- [RAW DATA]

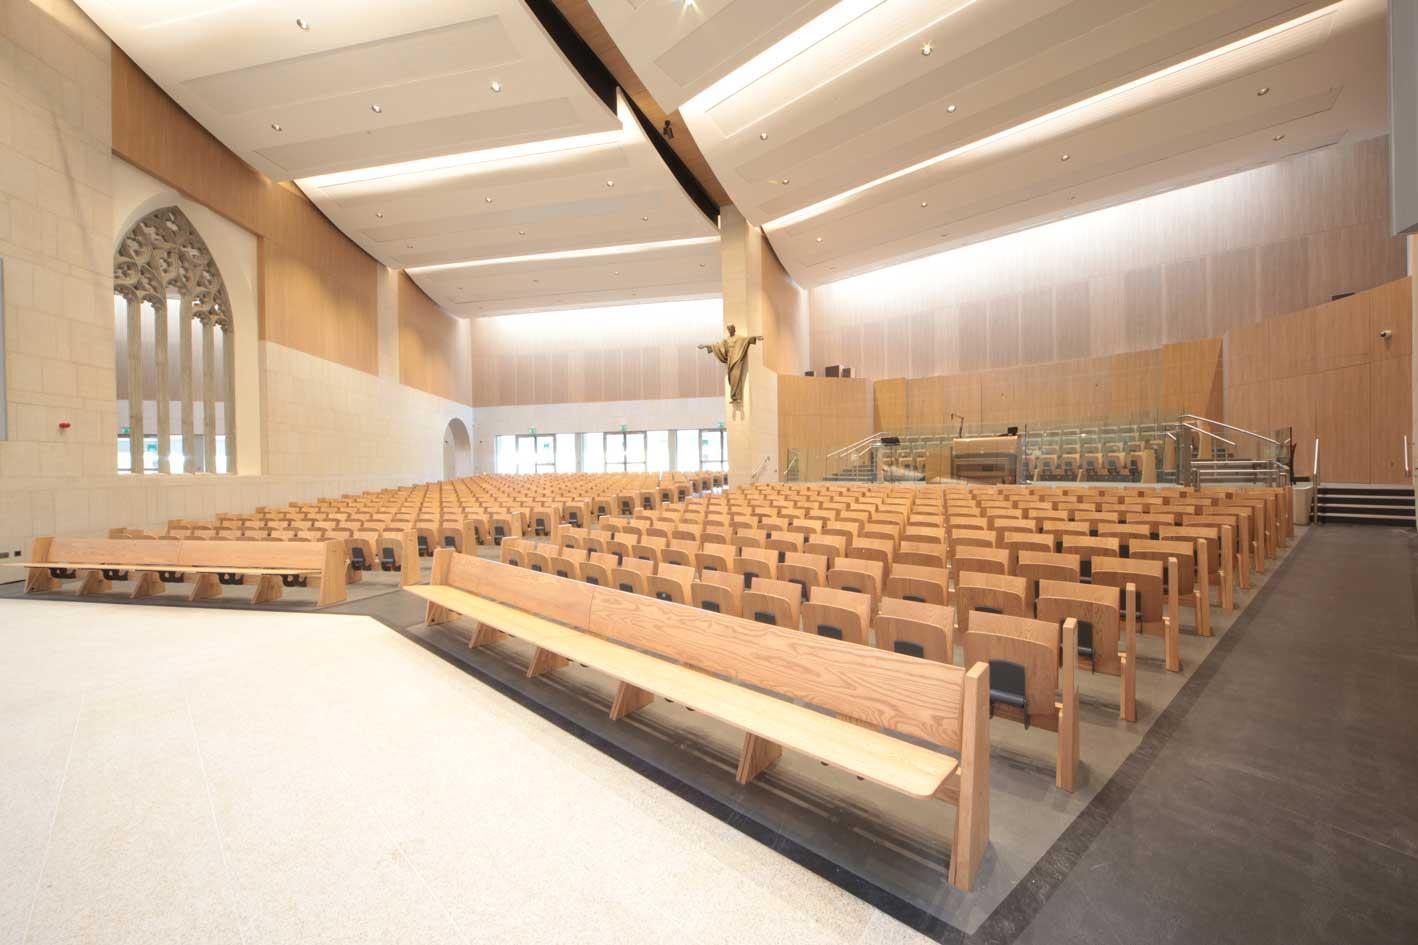 Knock Basilica Flip up seating front view bespoke wooden furniture
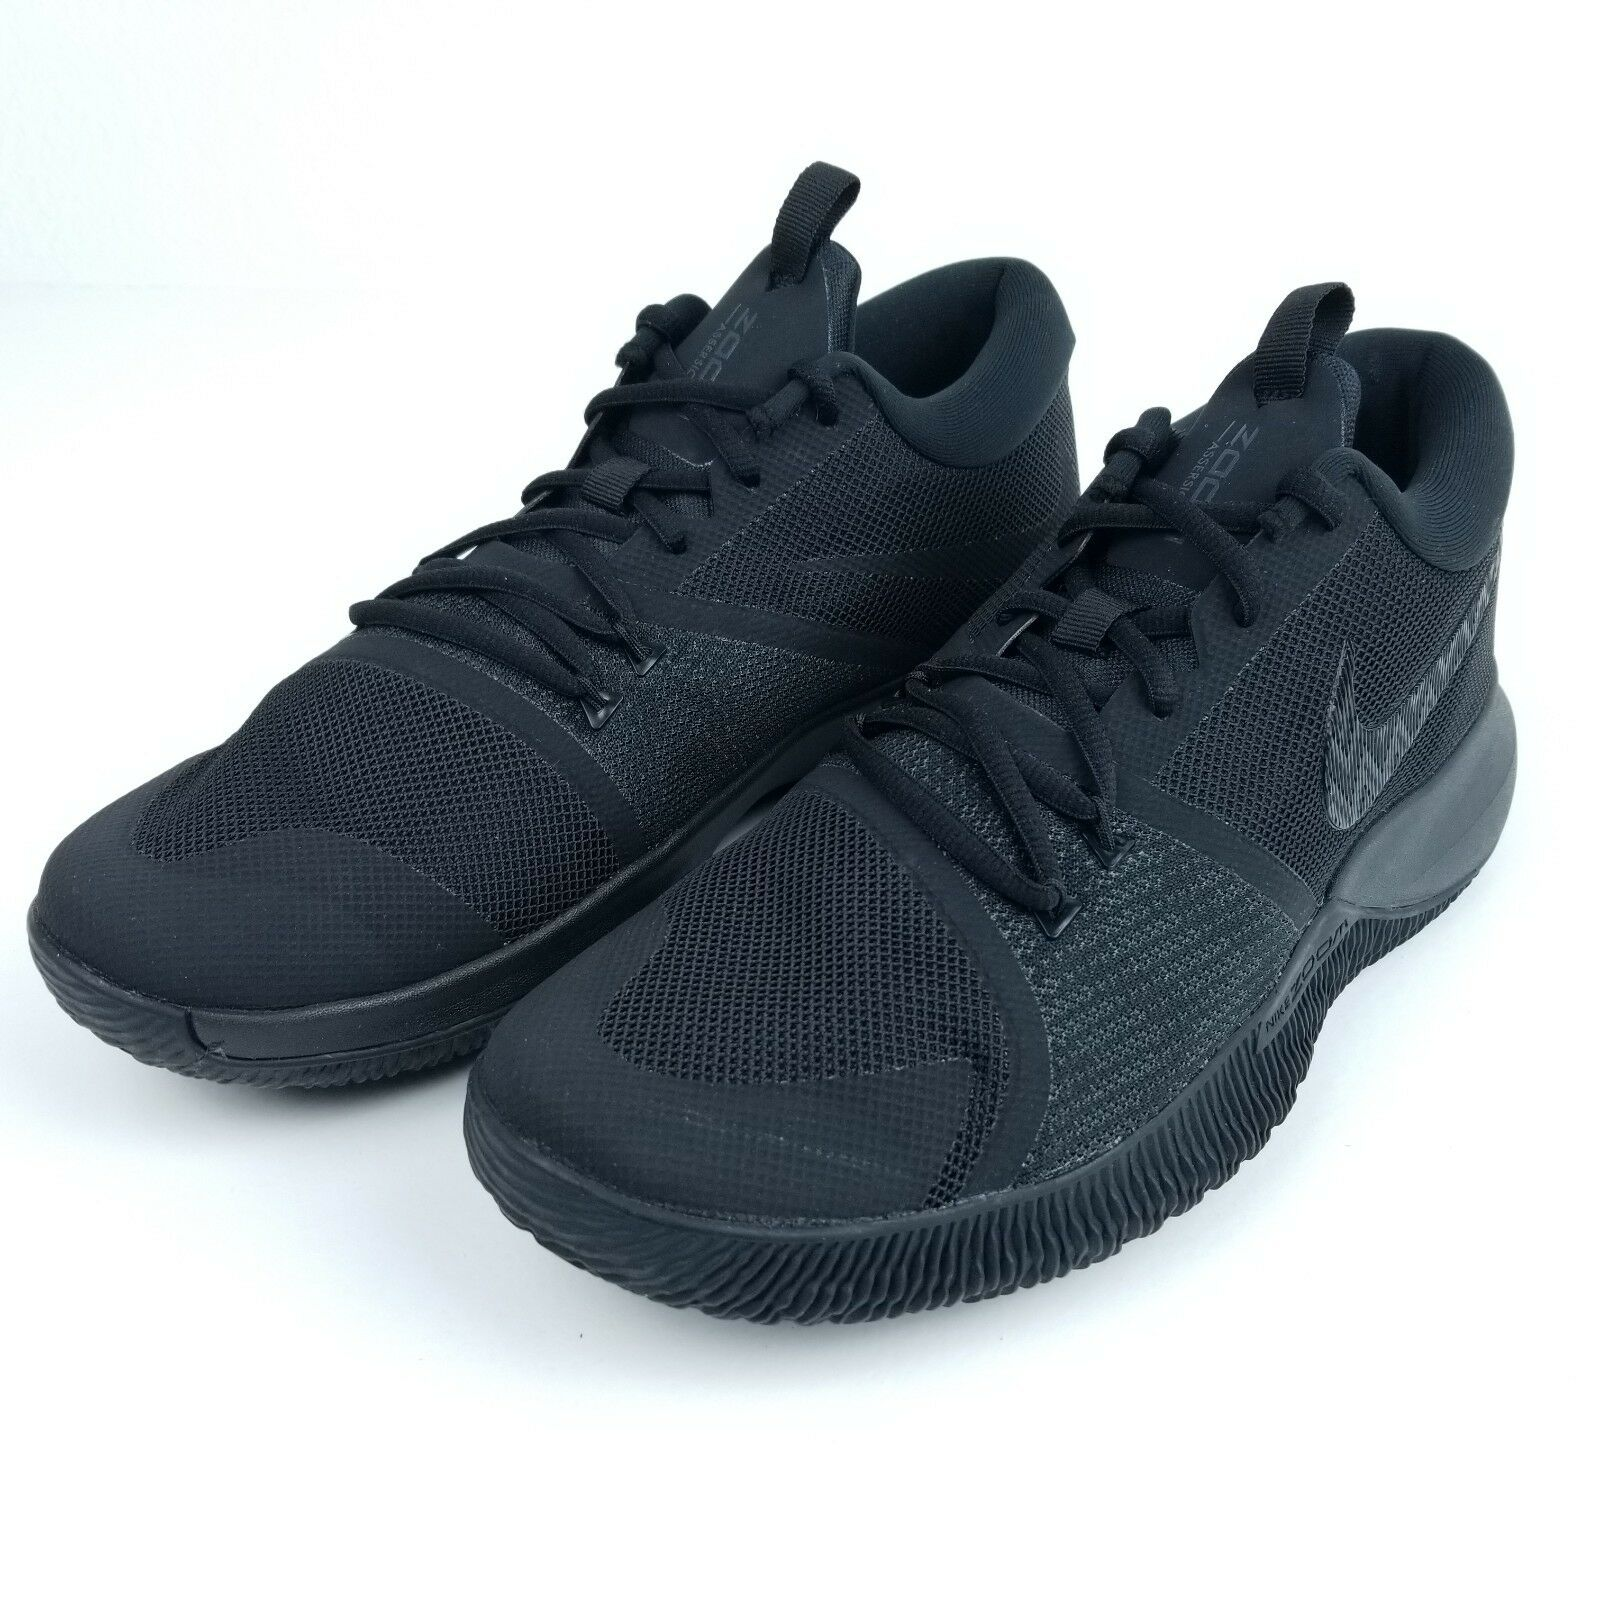 Nike Zoom Assersion Men's Basketball shoes 917505 002 Black Black Sizes
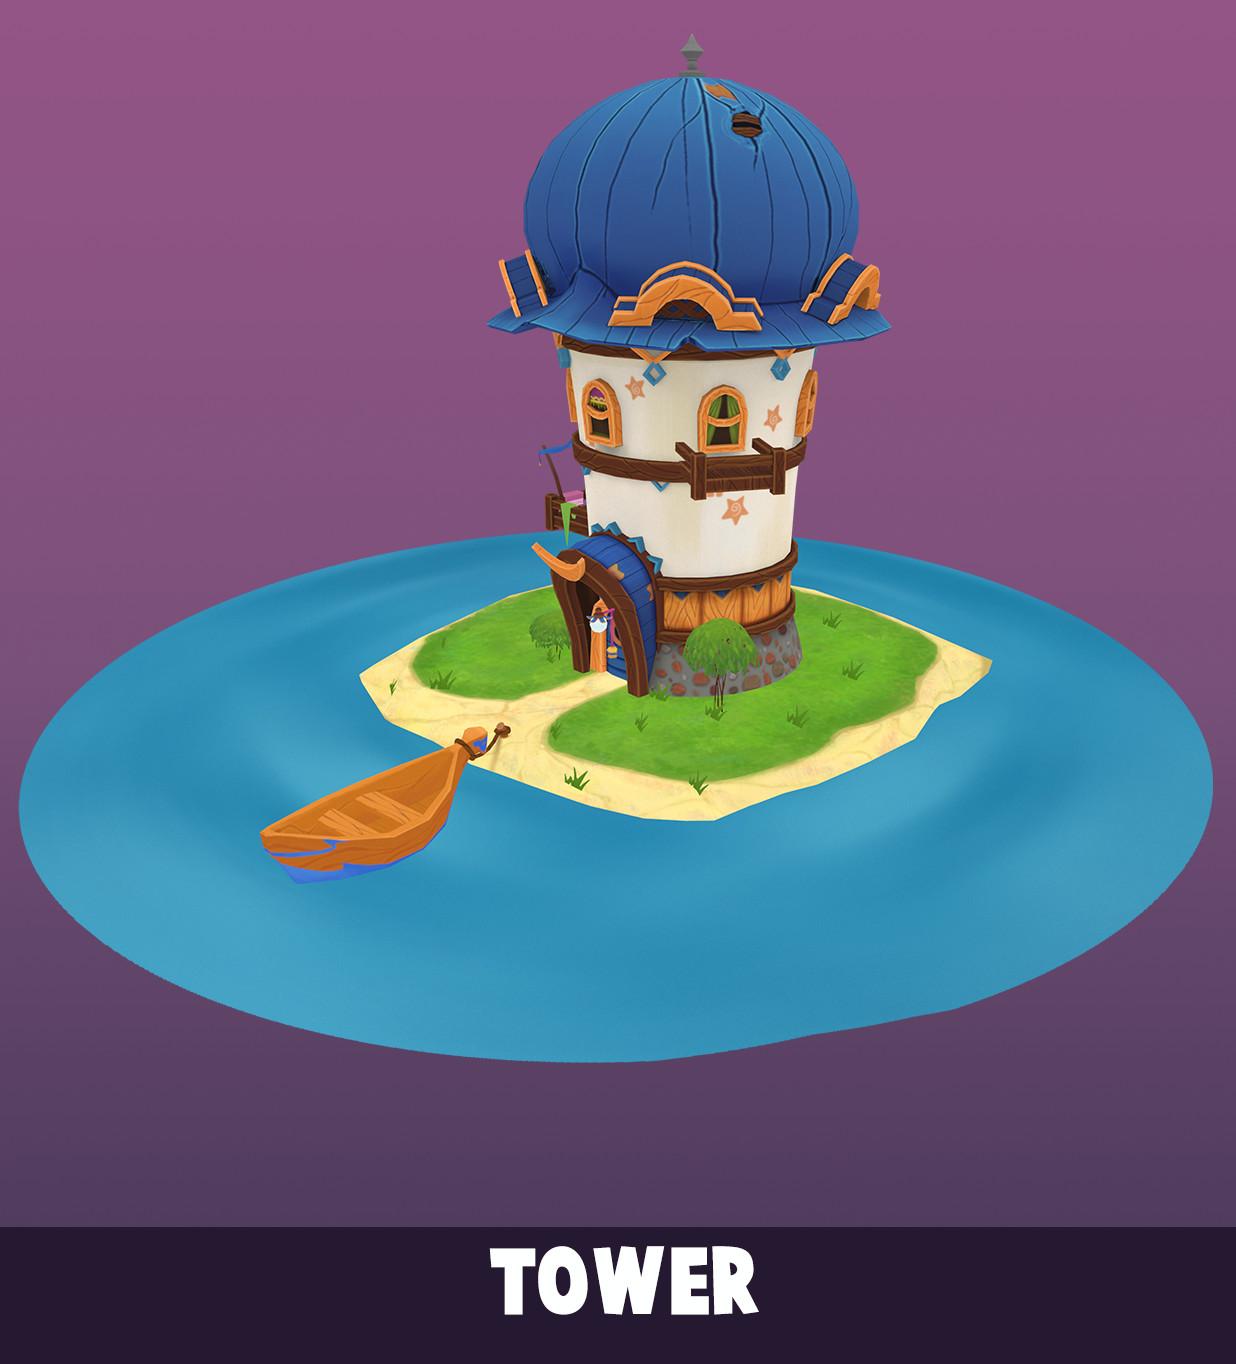 Caio perez torre render3

- [REQUIRED WORK]
Omit the pictures, and quote the material above exactly as given.

- [RESPONSE]
 Knock Basilica Flip up seating front view bespoke wooden furniture
 Nike Zoom Assersion Men's Basketball shoes 917505 002 Black Black Sizes
 Caio perez torre render3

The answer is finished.